[[ Exercise data, beginning ]]

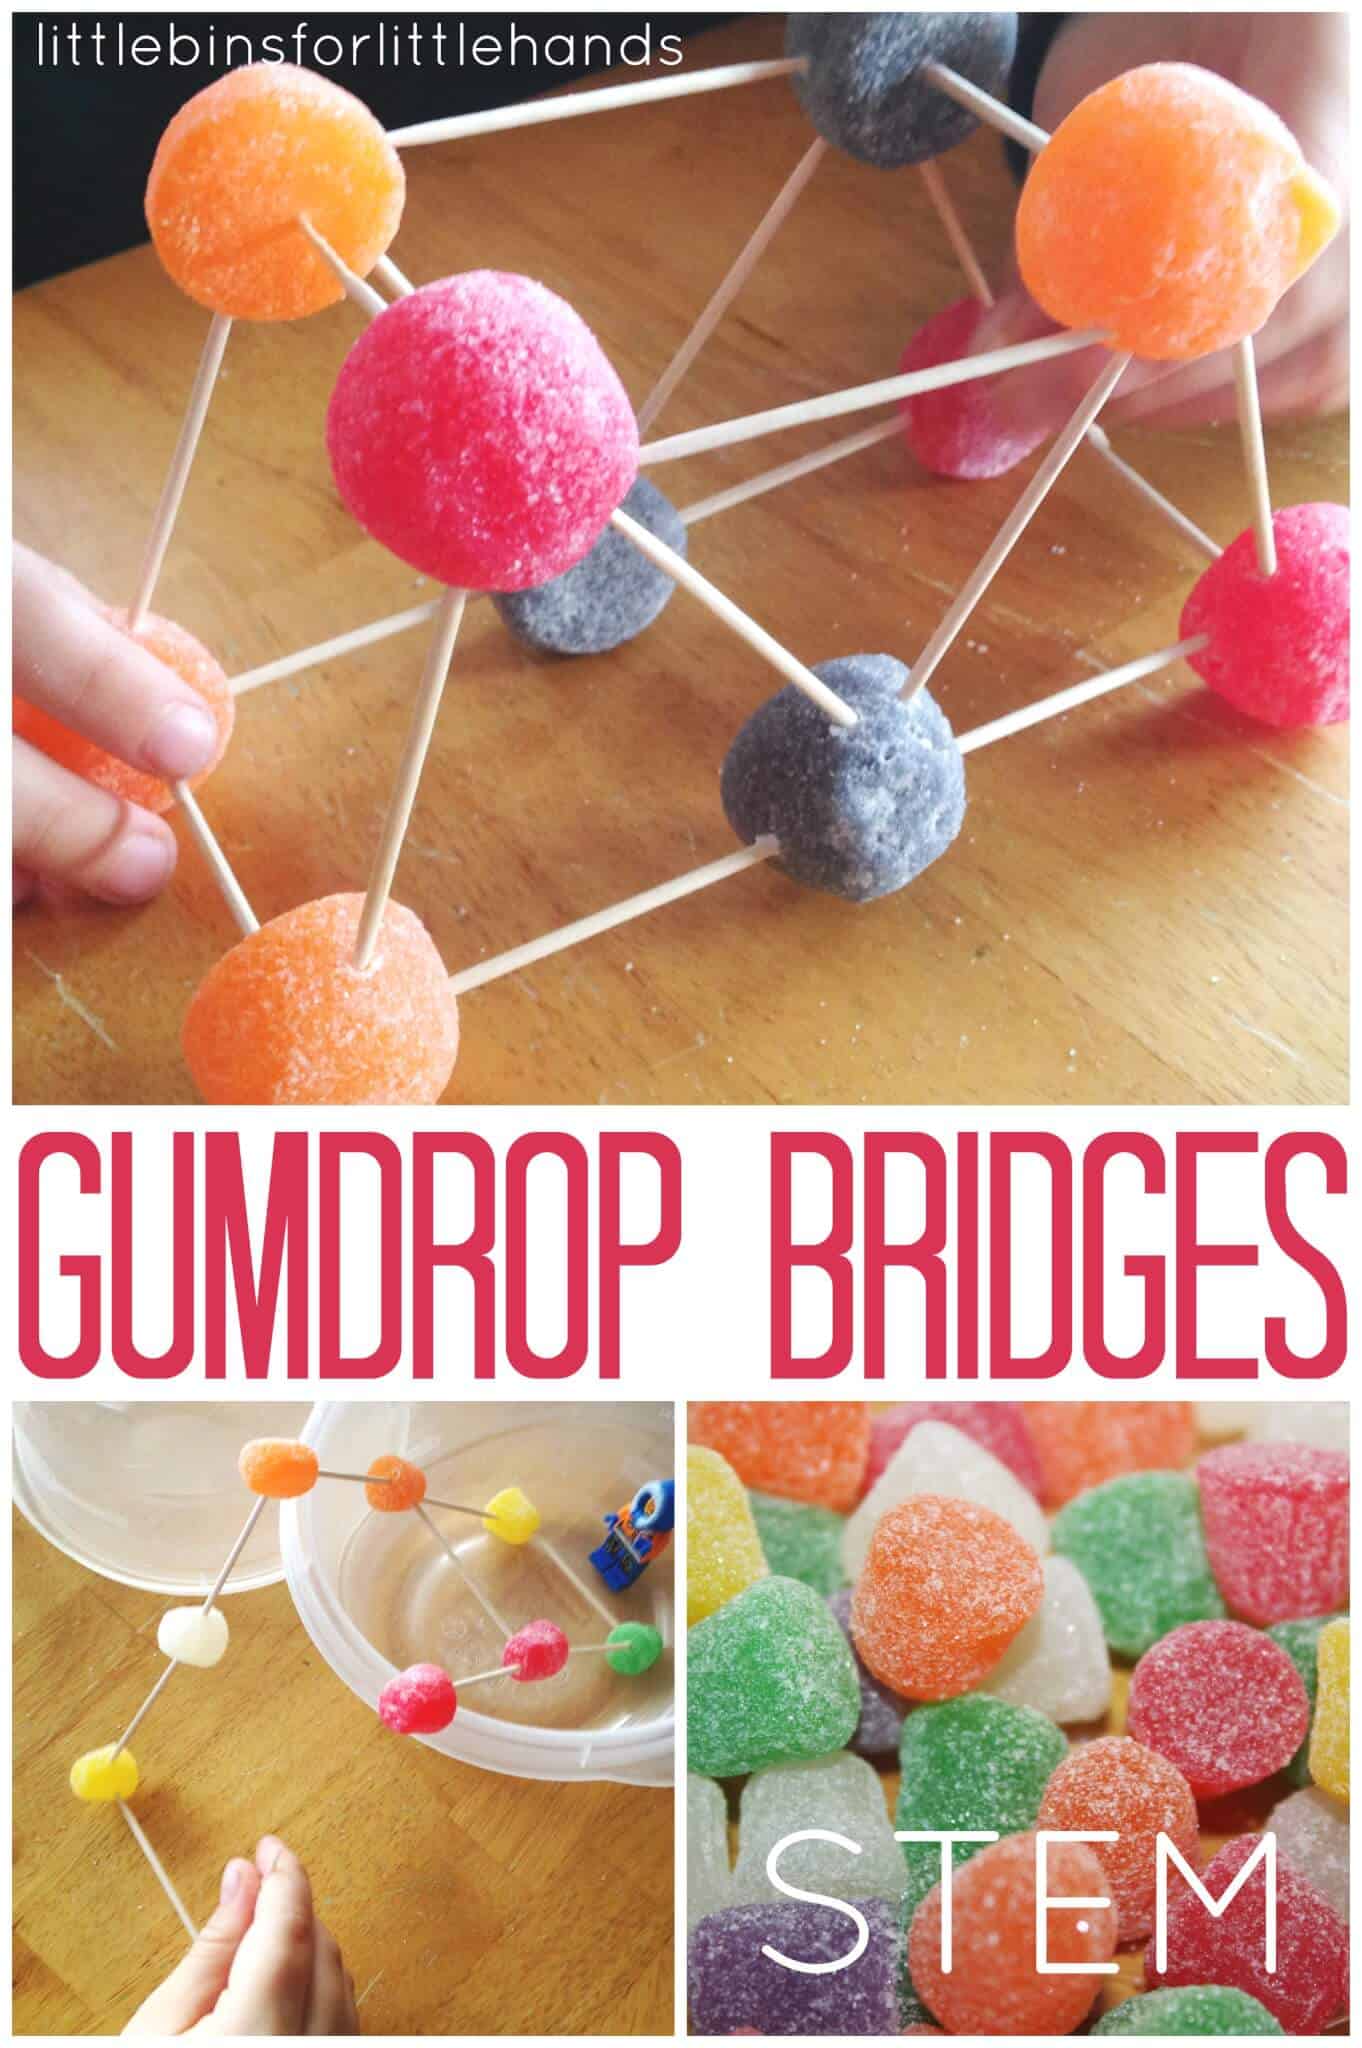 Gumdrop Bridge Building STEM Engineering Activity
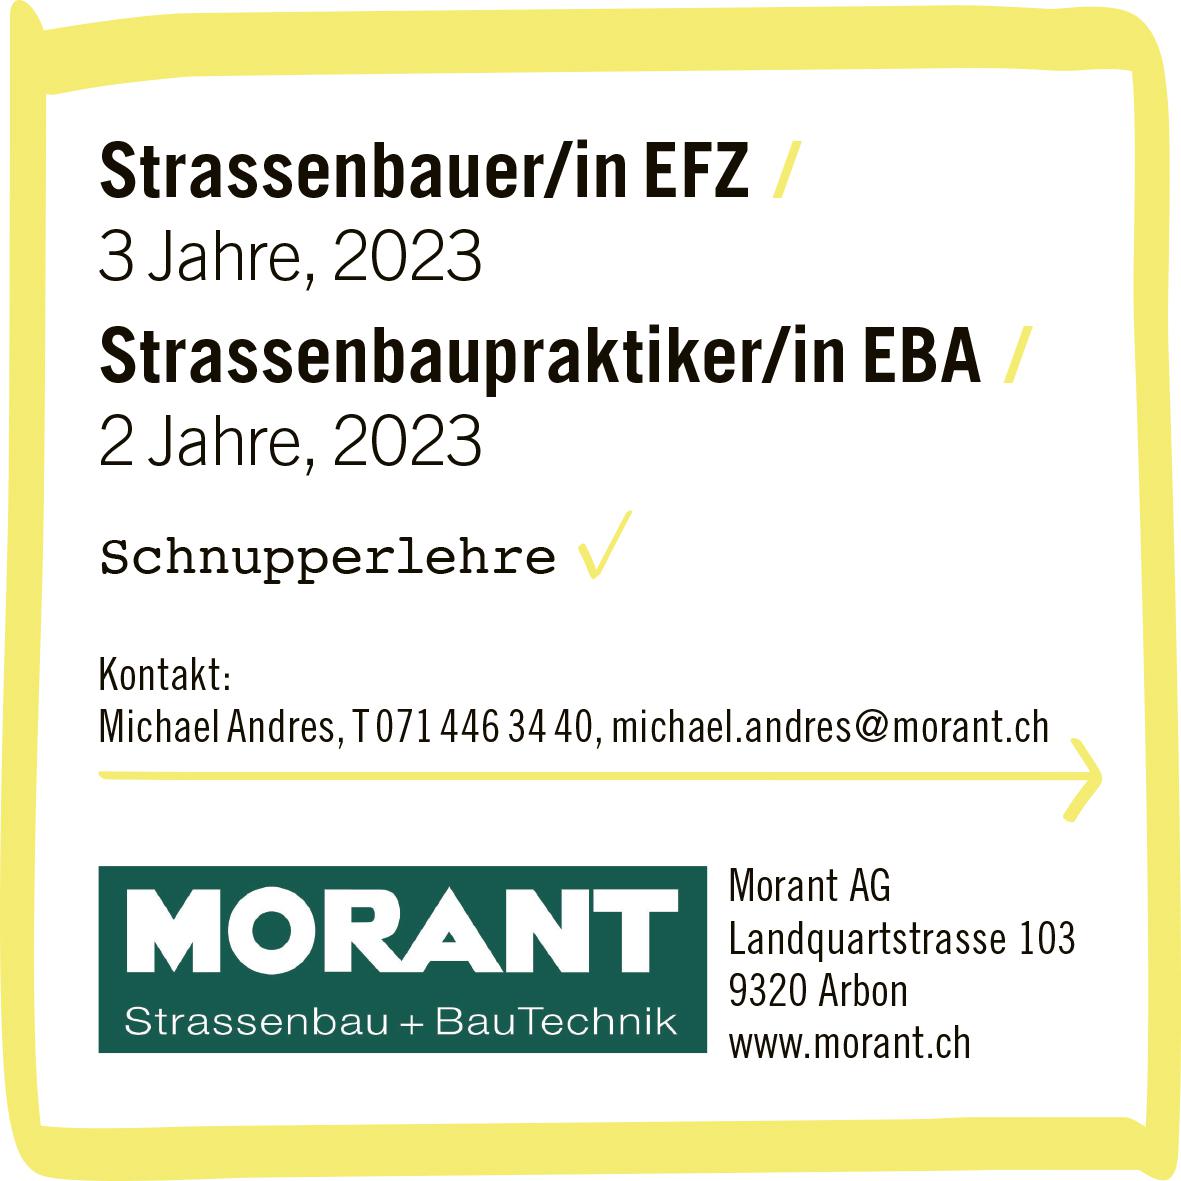 Morant AG, Arbon - Strassenbauer/in EFZ / Strassenbaupraktiker/in EBA /
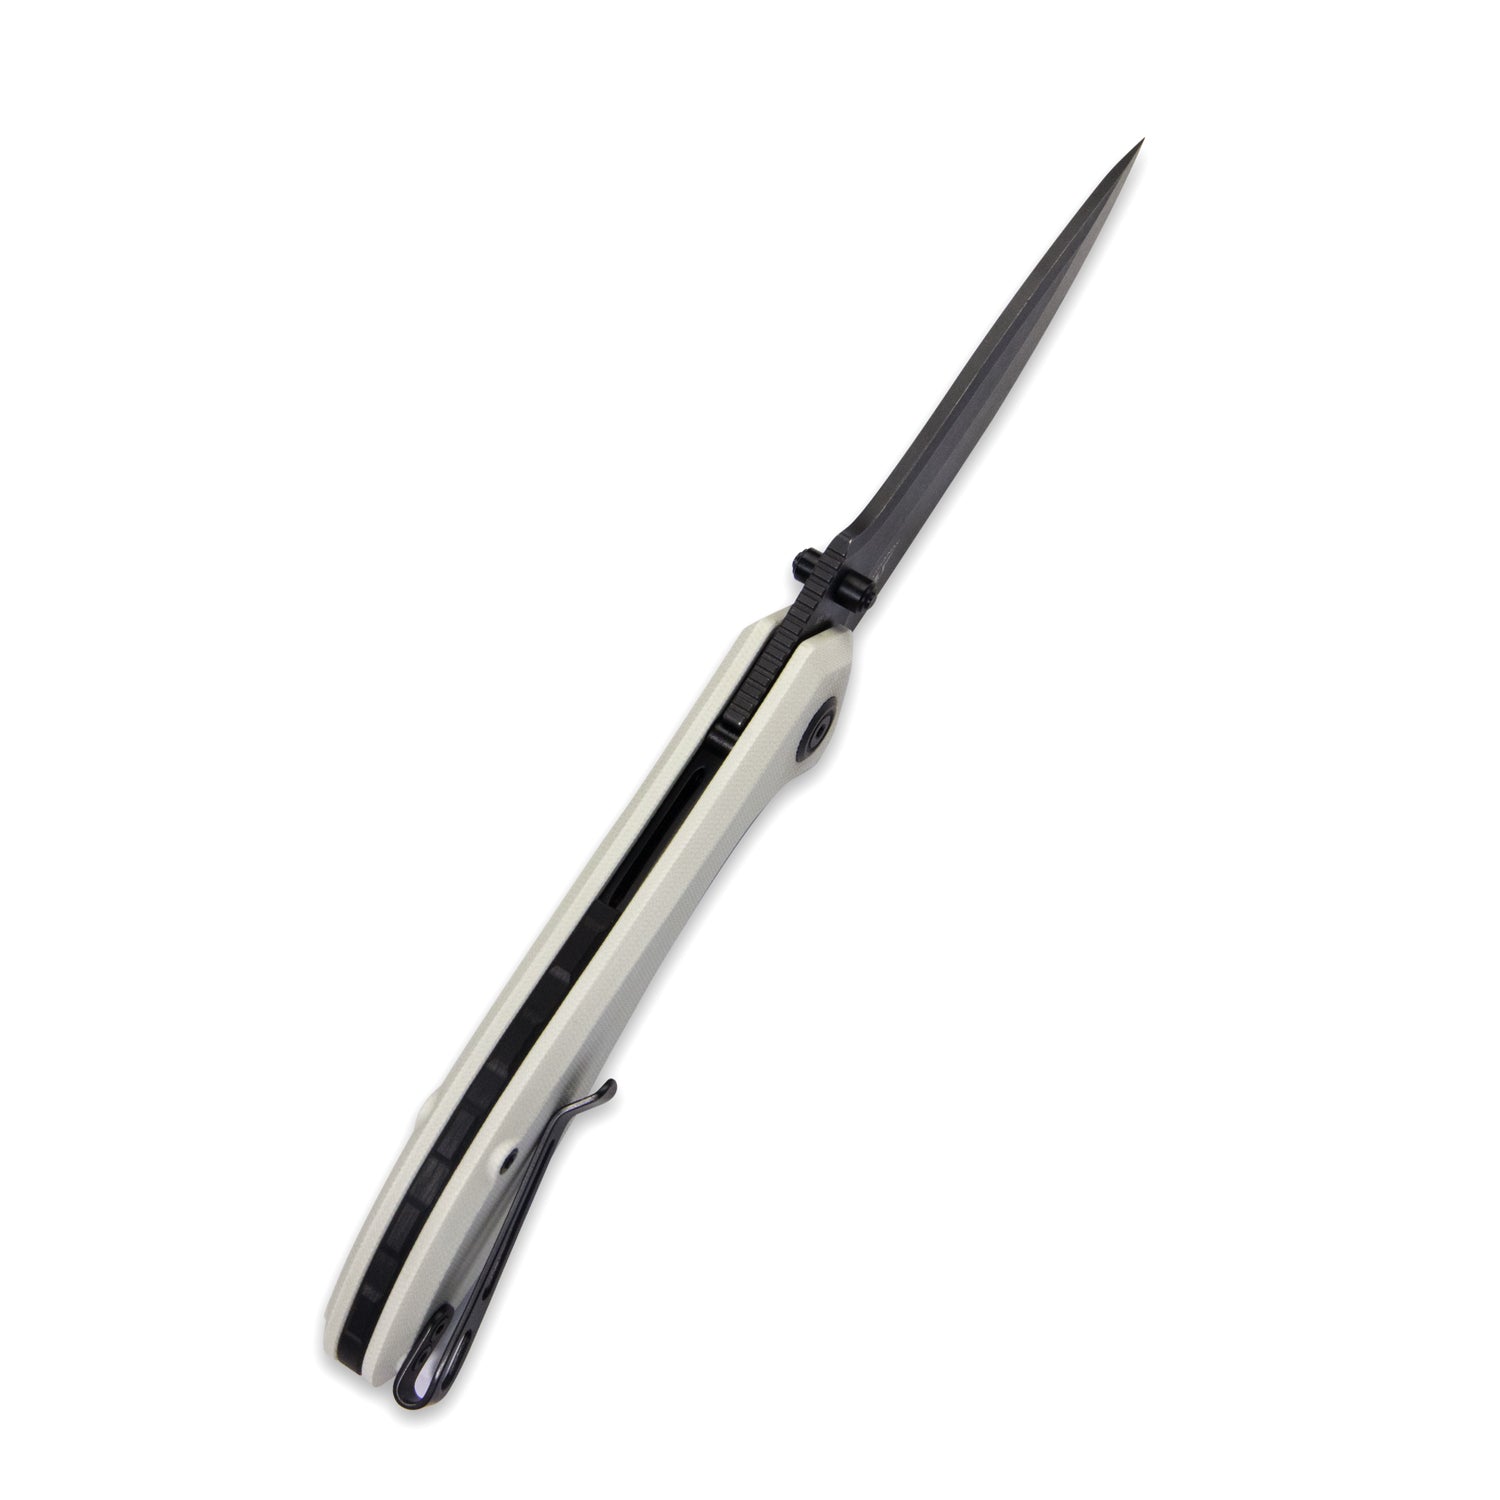 Kubey Ruckus Liner Lock Folding Knife Ivory G10 Handle 3.31" Blackwashed AUS-10 KU314D
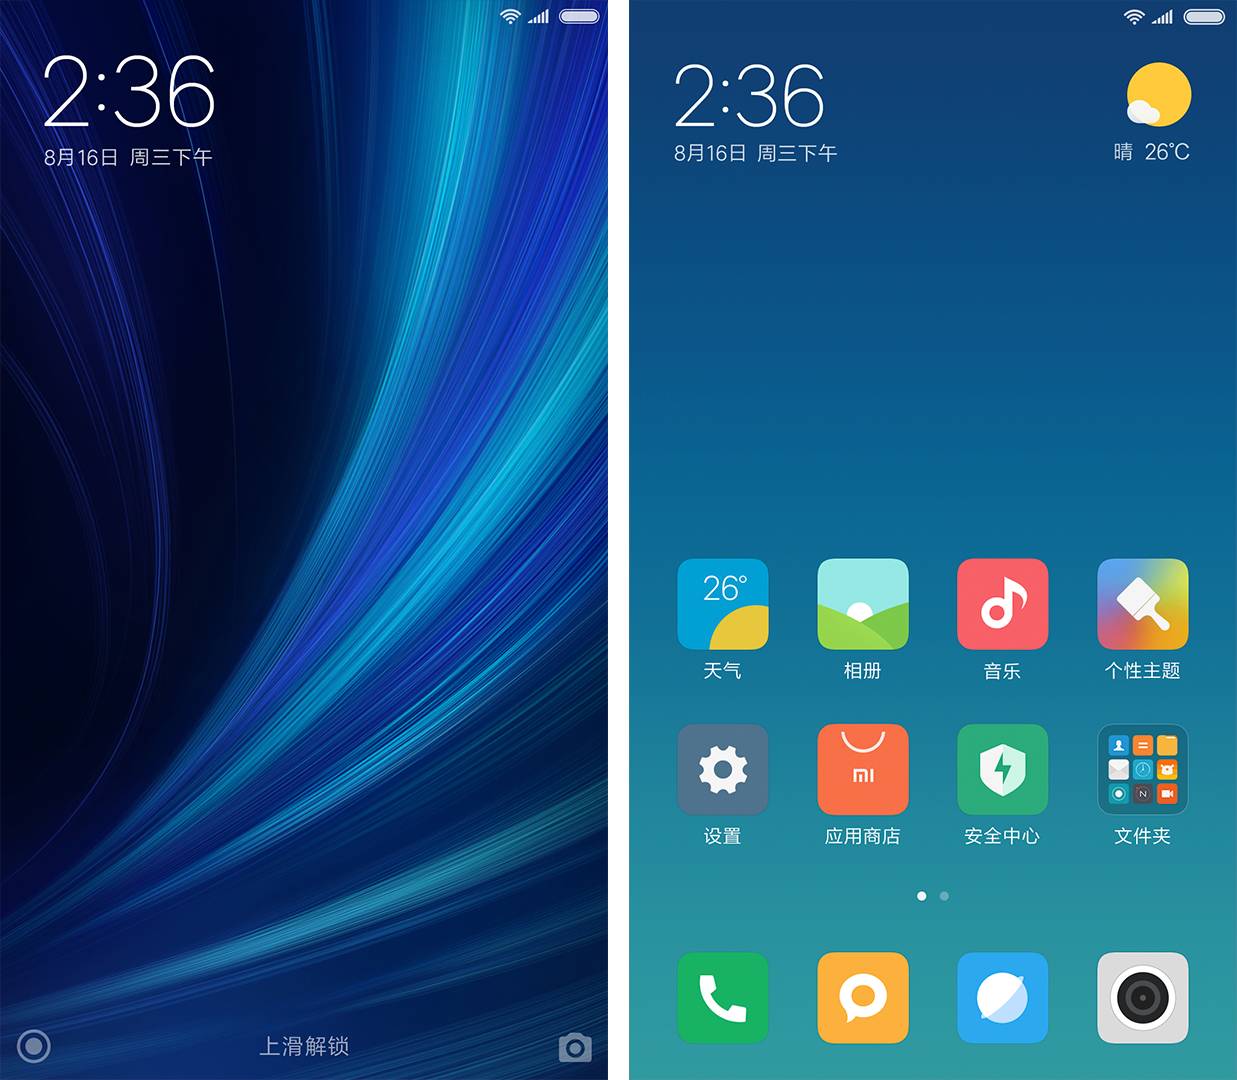 Как Вернуть Часы На Экран Андроид Xiaomi

[[ Exercise data, end ]]

**Your task**
All lines from the one containing "Morant AG, Arbon" through the end of the data are to be restated exactly, with nothing else and without the pictures.

**Solution below**
 Morant AG, Arbon - Strassenbauer/in EFZ / Strassenbaupraktiker/in EBA /
 Kubey Ruckus Liner Lock Folding Knife Ivory G10 Handle 3.31" Blackwashed AUS-10 KU314D
 Как Вернуть Часы На Экран Андроид Xiaomi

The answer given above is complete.